Immunomodulatory activity has frequently been discussed as an indirect mechanism of anti-cancer potential [62, 63]. Generally speaking, α-glucan has little bioactivity, and most effective biologically polysaccharides main-chain structures contain β-(1→3)-D-glucan [64]. In 2000, Paulsen et al found that polysaccharides of N. commune from field material were shown to activate the complement system stronger compared with the standard polysaccharide, the acidic one the highest [11]. There is one major thing that all the polymers have in common: the higher amount of 1,3 substituted glucose units [11]. Liao et al. also reported the immunomodulatory potential of the polysaccharide-rich extract from N. commune (NCPS) and found that the immunity of murine macrophage Raw 264.7 cells might be activated by nitric oxide and superoxide secretion and consequently effectively inhibit the growth of human leukemic U937 cells as well as trigger the differentiation of U937 monoblast cells into monocytic/macrophagic lines resulting from the upregulation of GM-CSF and IL-1β as well as the downregulation of IL-6 and IL-17 [65]. Taken together, these studies demonstrated that N. commune may have potential as a cancer chemopreventative agent.
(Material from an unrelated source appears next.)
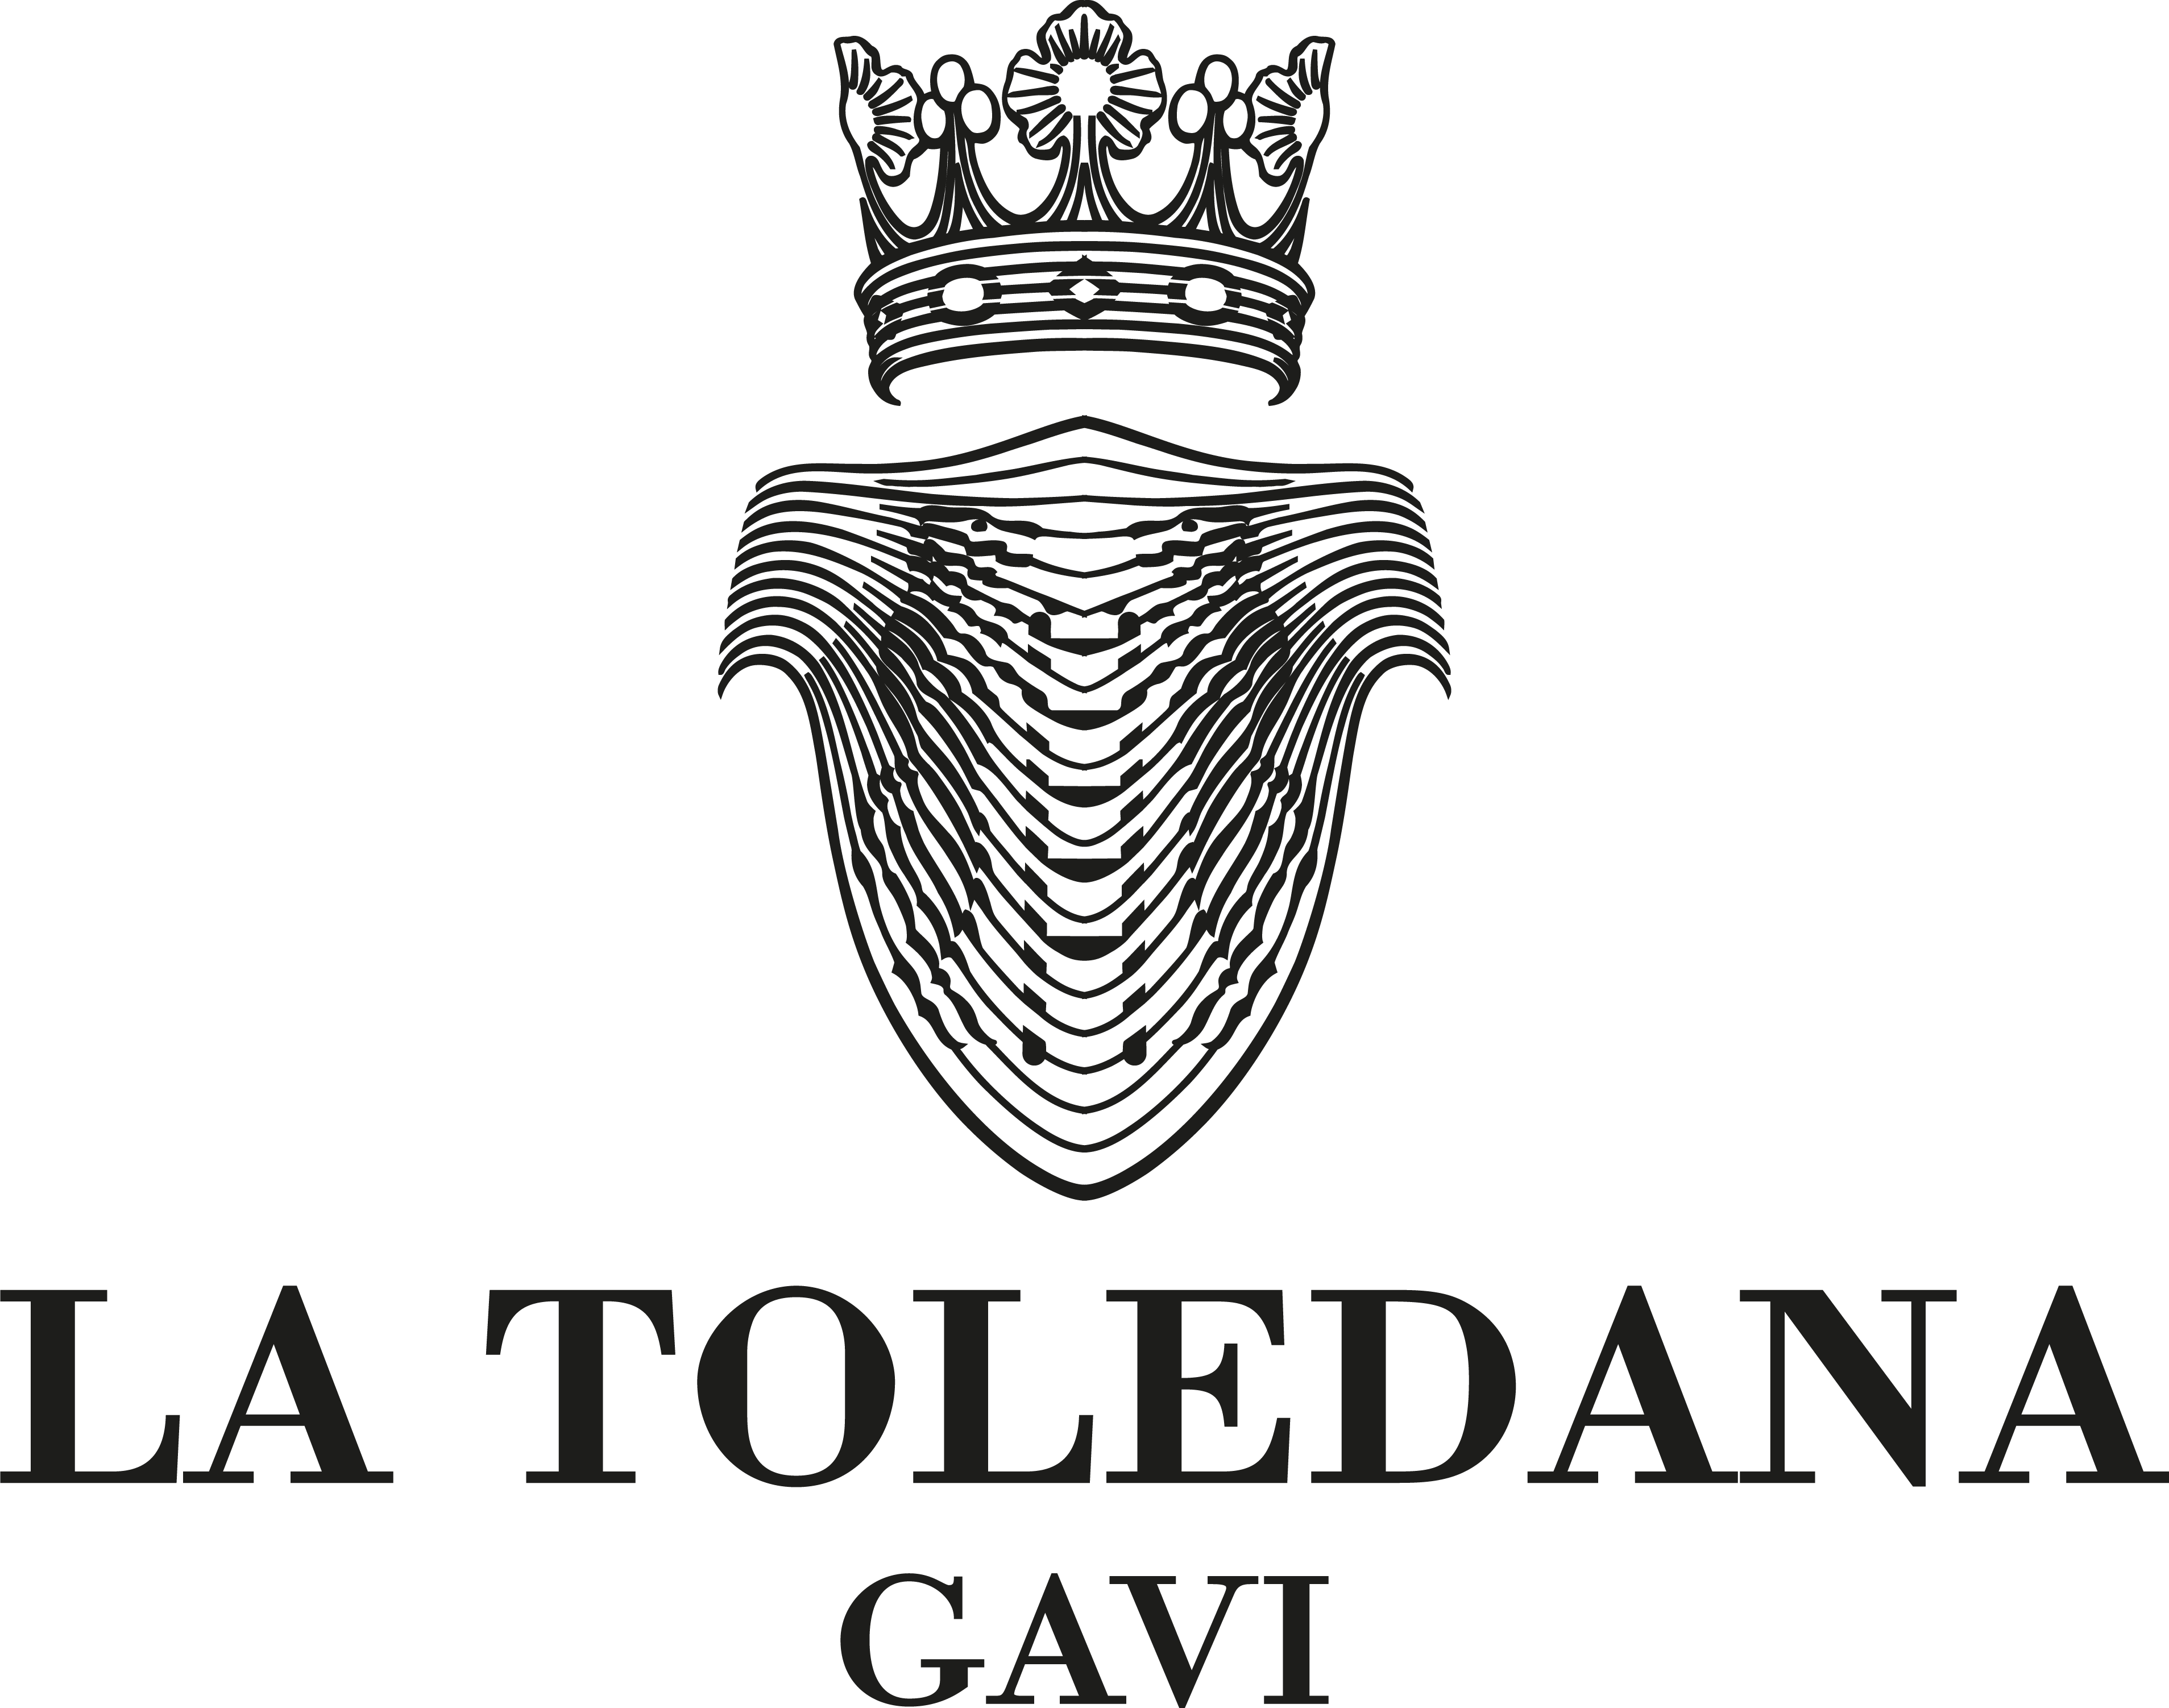 La Toledana

However, the relationships between the structure and activity are still not fully understood yet.

CONCLUSIONS

In addition to the broad spectrum of functional properties aforementioned, there are several additional effects of N. commune and N. commune-derived extracts have been reported, such as the hypocholesterolemic function [5, 20]. Therefore, the available reports may provide evidence that N. commune is distributed worldwide, as reviewed here, and is characterised by its great variety in both the number and type of nutrients, especially rich with various small molecules, making it an attractive natural resource treasure. Majority of current studies are concentrated on antioxidative, anti-inflammatory and antibacterial properties, rather other activities, providing broad research areas in future. Further research, especially human randomised clinical trials, is vital to ascertain the detailed beneficial effects, bioactivities and molecular mechanisms of N. commune and N. commune-derived extracts. We believe these efforts will call more attention to the value of N. commune on human health, and contribute to the development and application in functional foods and medicines targeted at the prevention and treatment of the mentioned above diseases.